Raw data:

***

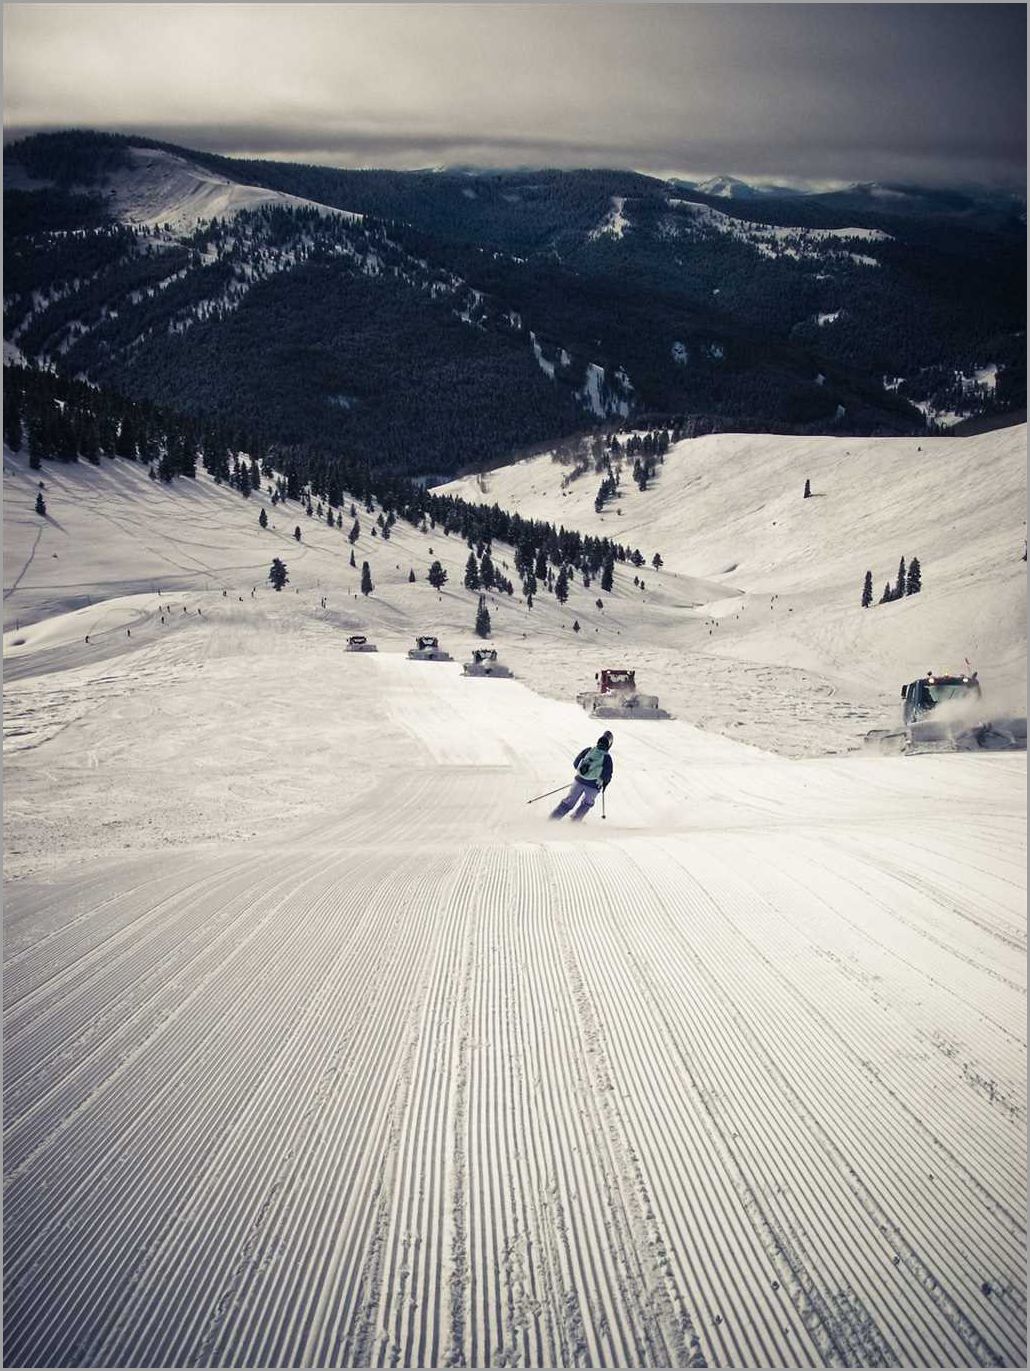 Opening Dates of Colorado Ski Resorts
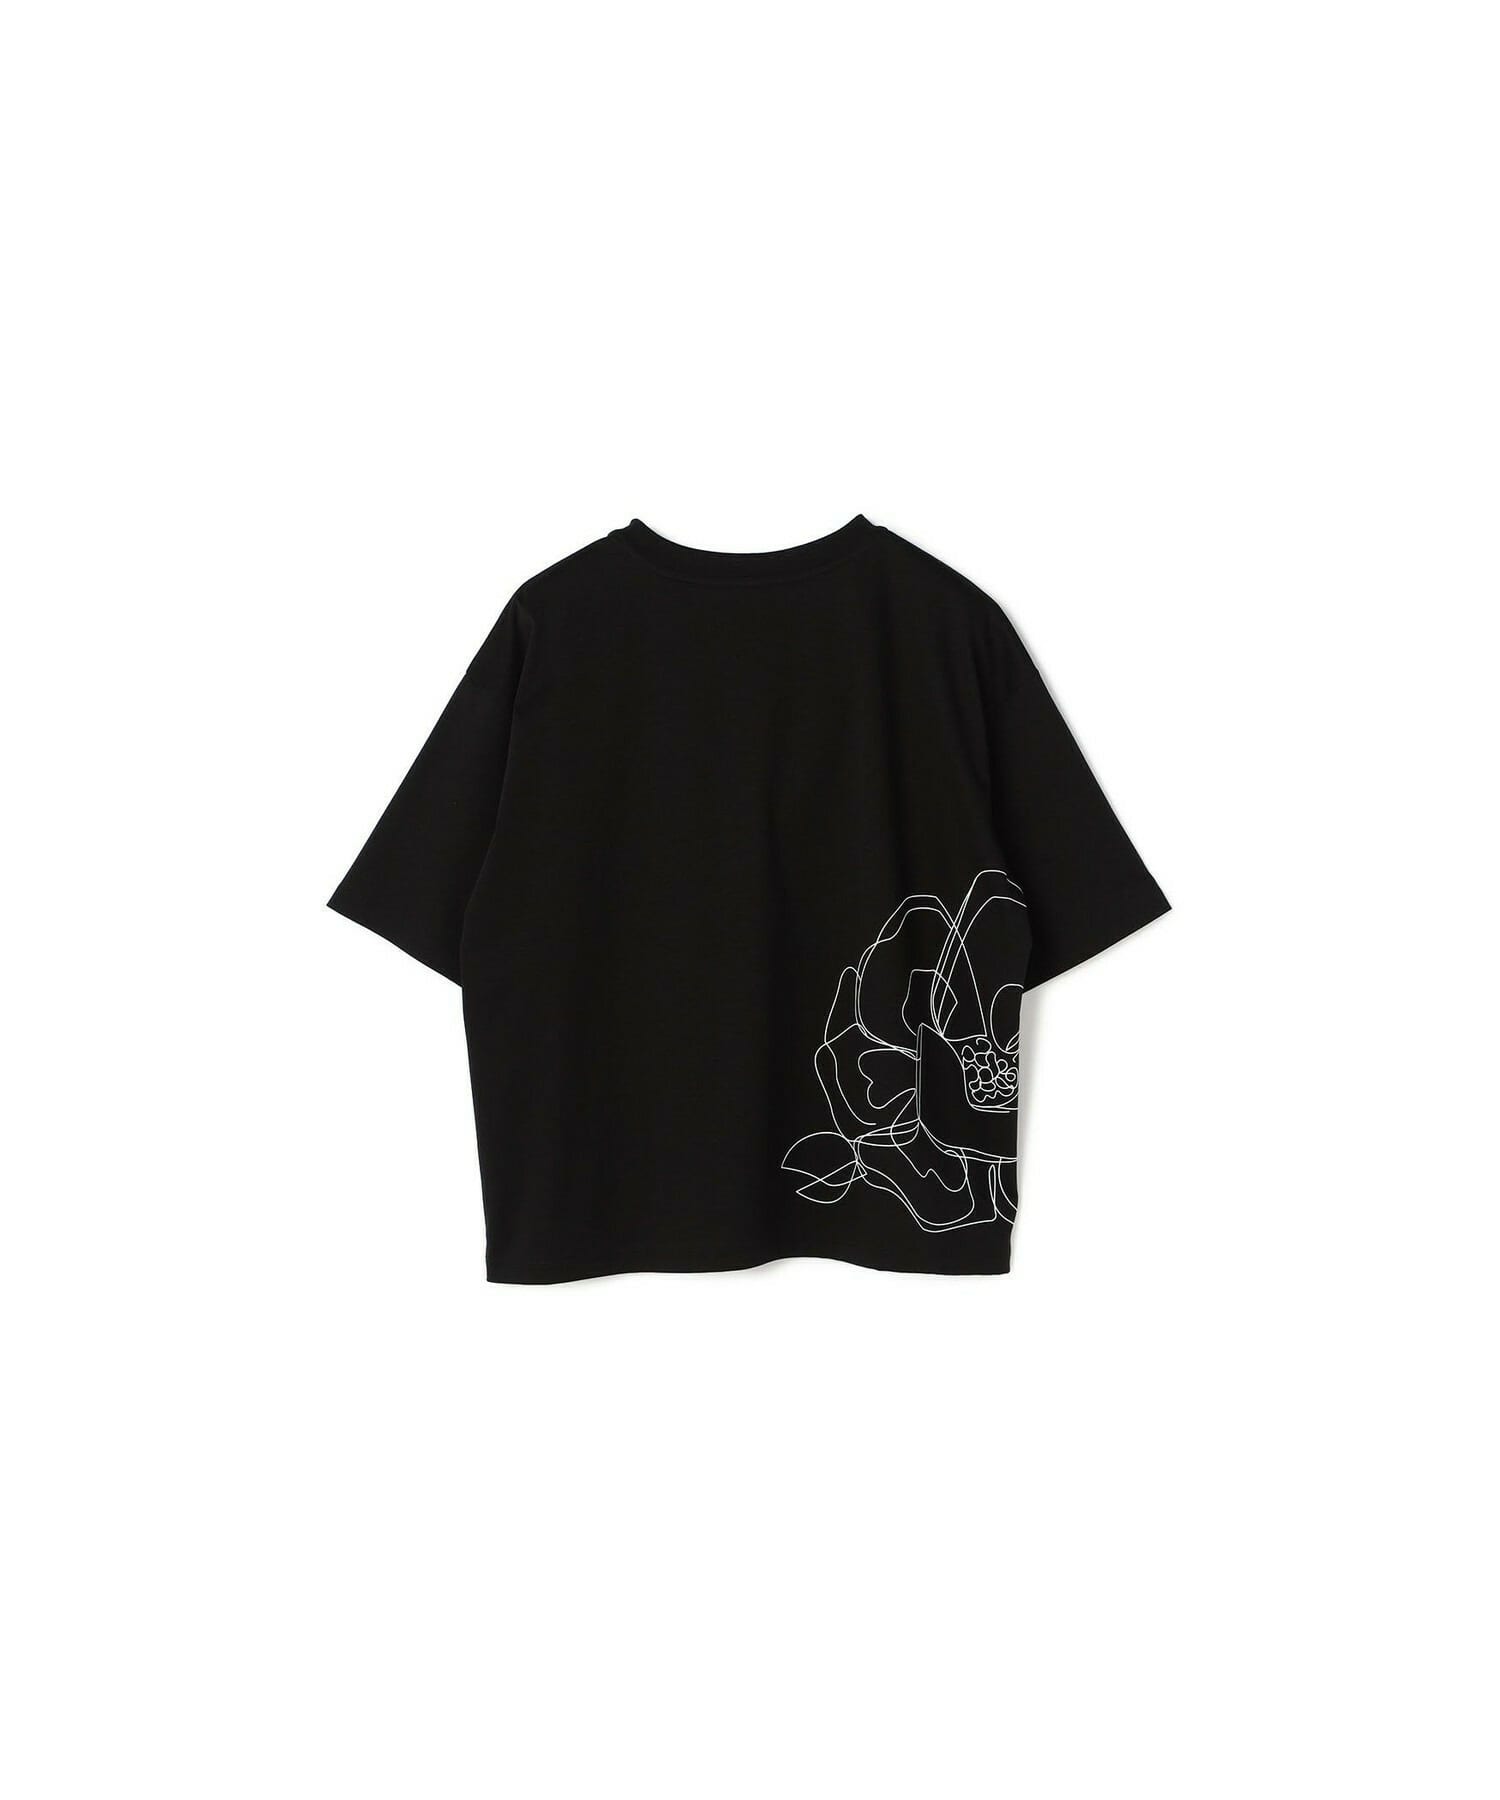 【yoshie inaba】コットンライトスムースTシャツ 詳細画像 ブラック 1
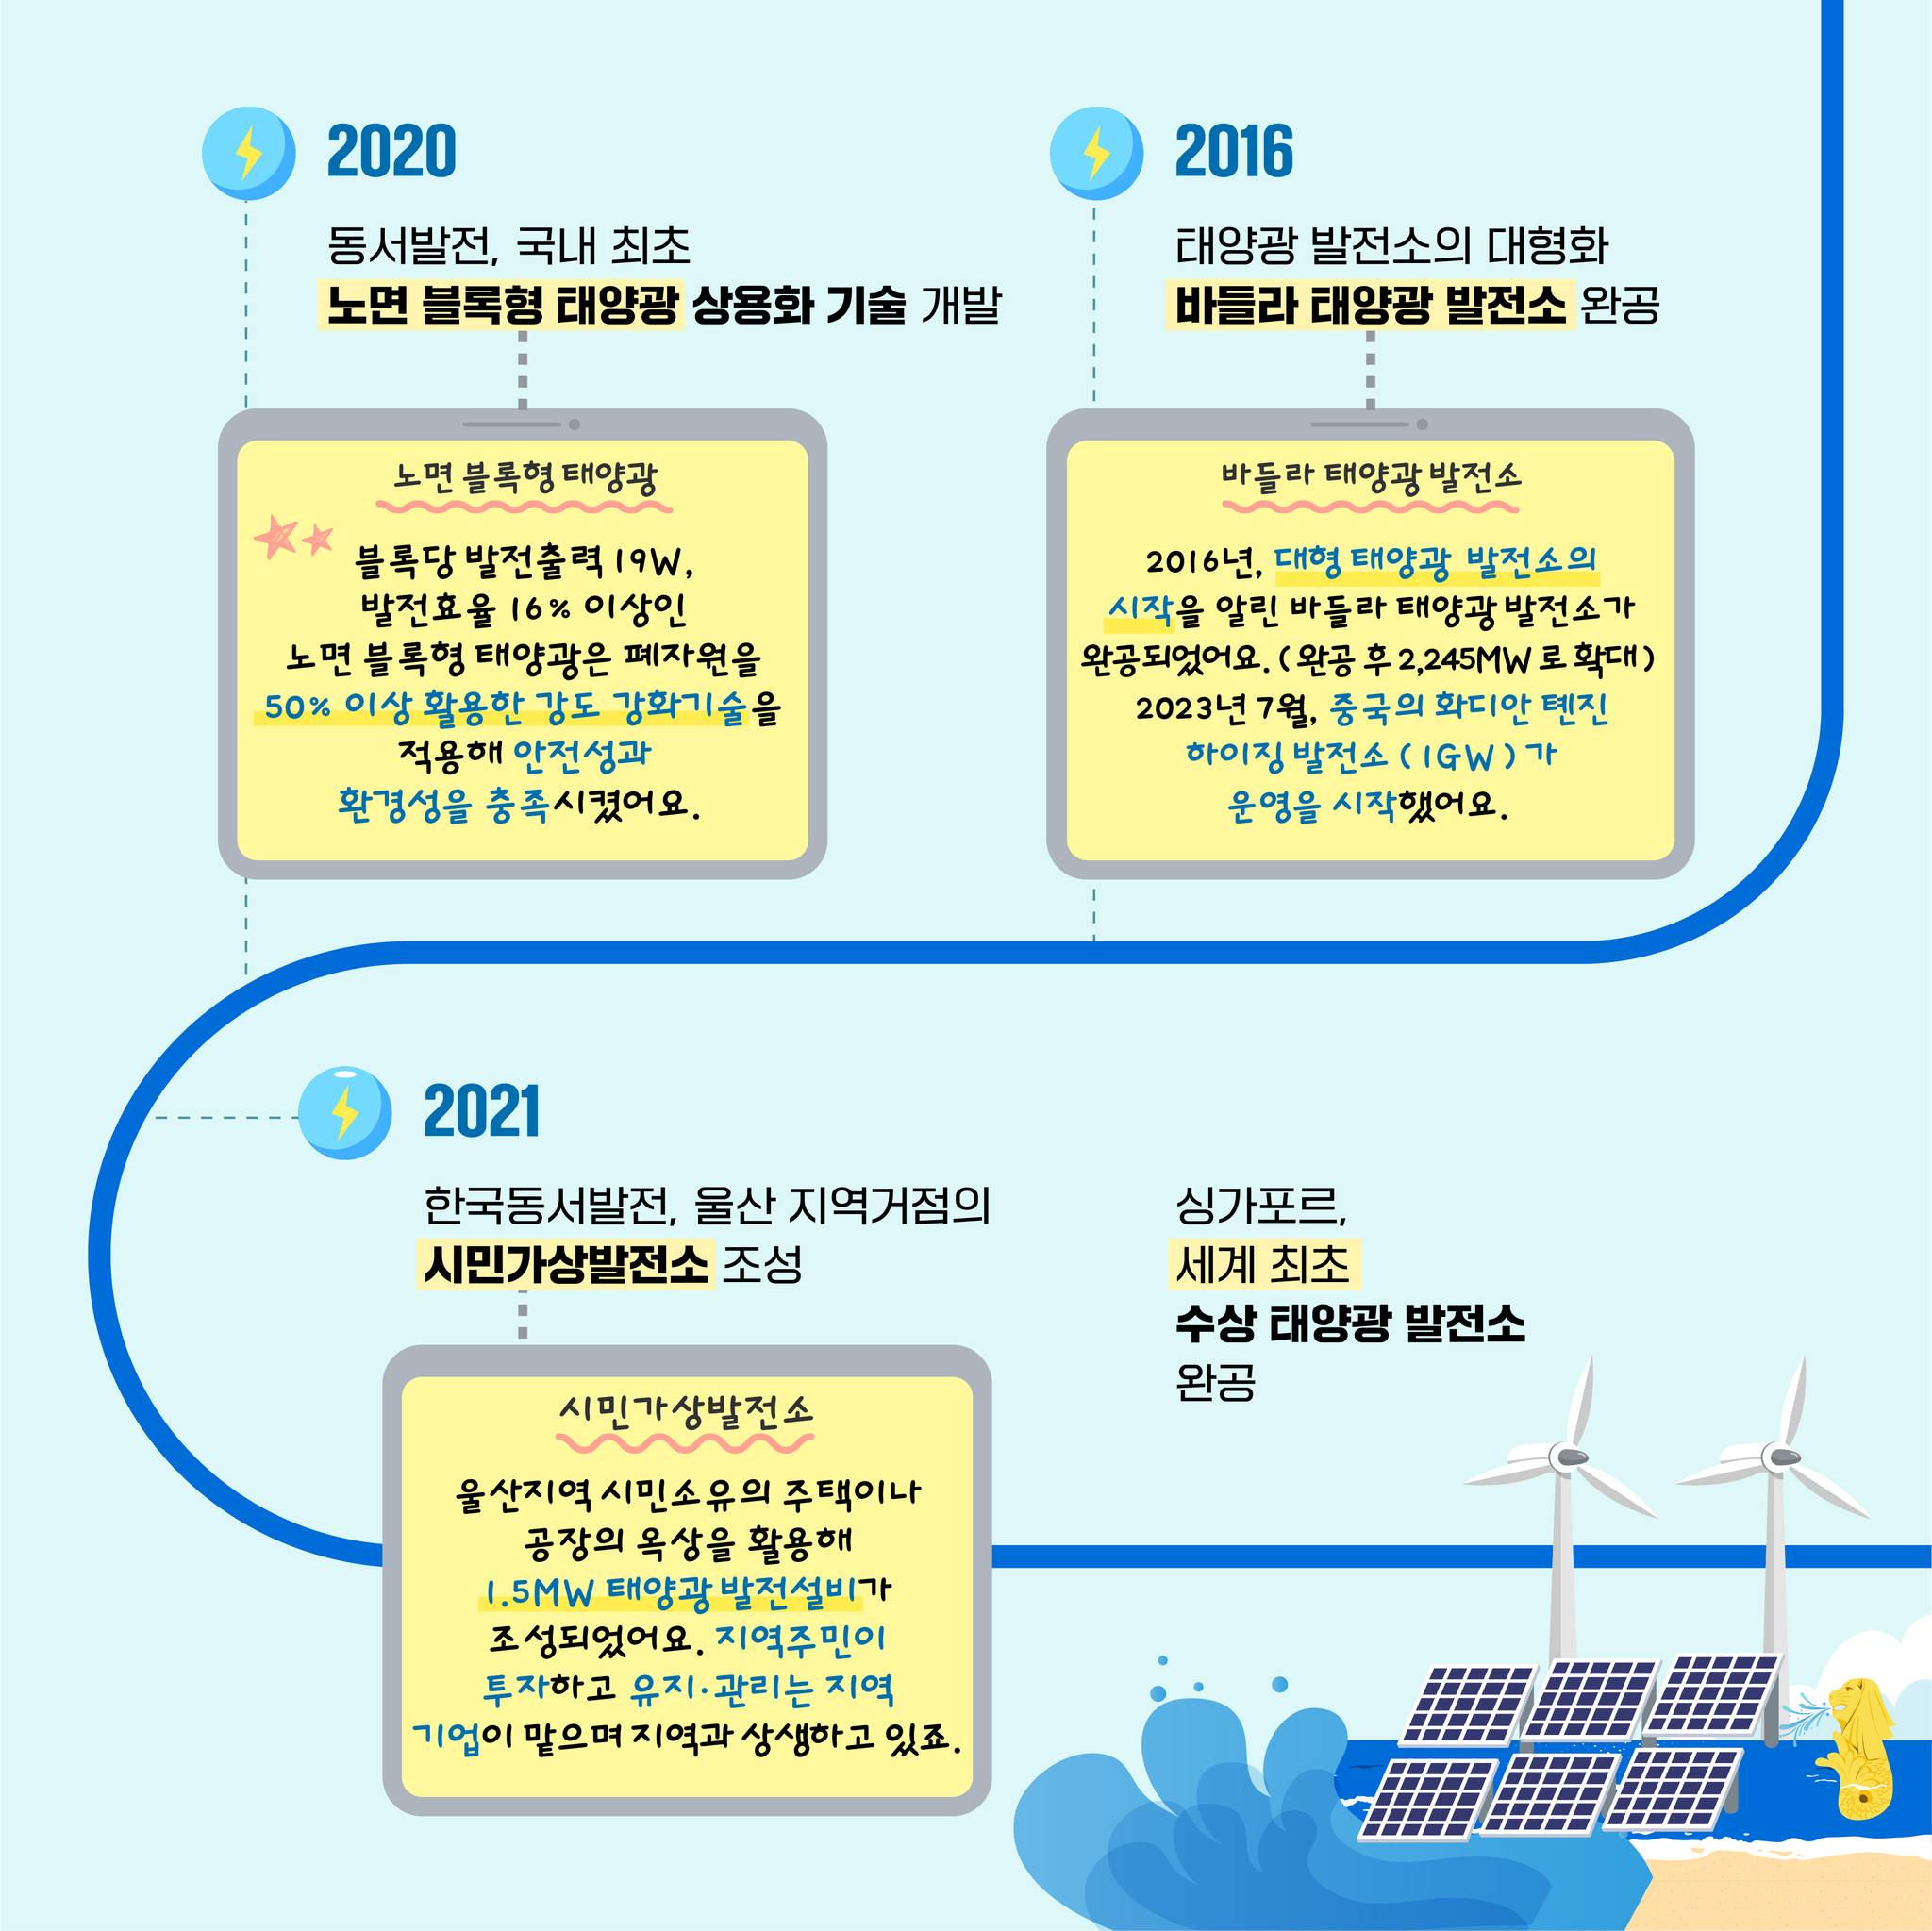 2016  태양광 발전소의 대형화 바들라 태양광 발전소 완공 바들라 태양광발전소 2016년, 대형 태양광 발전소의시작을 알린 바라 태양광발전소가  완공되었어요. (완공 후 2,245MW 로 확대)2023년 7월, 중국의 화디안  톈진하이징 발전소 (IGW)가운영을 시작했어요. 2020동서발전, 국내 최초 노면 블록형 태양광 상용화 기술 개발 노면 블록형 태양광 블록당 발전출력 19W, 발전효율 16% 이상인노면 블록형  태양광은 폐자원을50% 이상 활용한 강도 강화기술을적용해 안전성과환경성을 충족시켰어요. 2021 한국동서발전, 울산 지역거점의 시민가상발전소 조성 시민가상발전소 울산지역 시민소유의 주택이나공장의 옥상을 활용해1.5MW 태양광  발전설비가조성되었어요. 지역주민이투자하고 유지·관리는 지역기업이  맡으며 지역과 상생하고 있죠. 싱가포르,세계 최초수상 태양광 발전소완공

***

What you will do: Your copy should hold exactly and only the lines from the one containing "詳細画像 ブラック 1" through the end of the material, inclusive, repeated word for word and without pictures.

Exercise solution:
 【yoshie inaba】コットンライトスムースTシャツ 詳細画像 ブラック 1
 2016  태양광 발전소의 대형화 바들라 태양광 발전소 완공 바들라 태양광발전소 2016년, 대형 태양광 발전소의시작을 알린 바라 태양광발전소가  완공되었어요. (완공 후 2,245MW 로 확대)2023년 7월, 중국의 화디안  톈진하이징 발전소 (IGW)가운영을 시작했어요. 2020동서발전, 국내 최초 노면 블록형 태양광 상용화 기술 개발 노면 블록형 태양광 블록당 발전출력 19W, 발전효율 16% 이상인노면 블록형  태양광은 폐자원을50% 이상 활용한 강도 강화기술을적용해 안전성과환경성을 충족시켰어요. 2021 한국동서발전, 울산 지역거점의 시민가상발전소 조성 시민가상발전소 울산지역 시민소유의 주택이나공장의 옥상을 활용해1.5MW 태양광  발전설비가조성되었어요. 지역주민이투자하고 유지·관리는 지역기업이  맡으며 지역과 상생하고 있죠. 싱가포르,세계 최초수상 태양광 발전소완공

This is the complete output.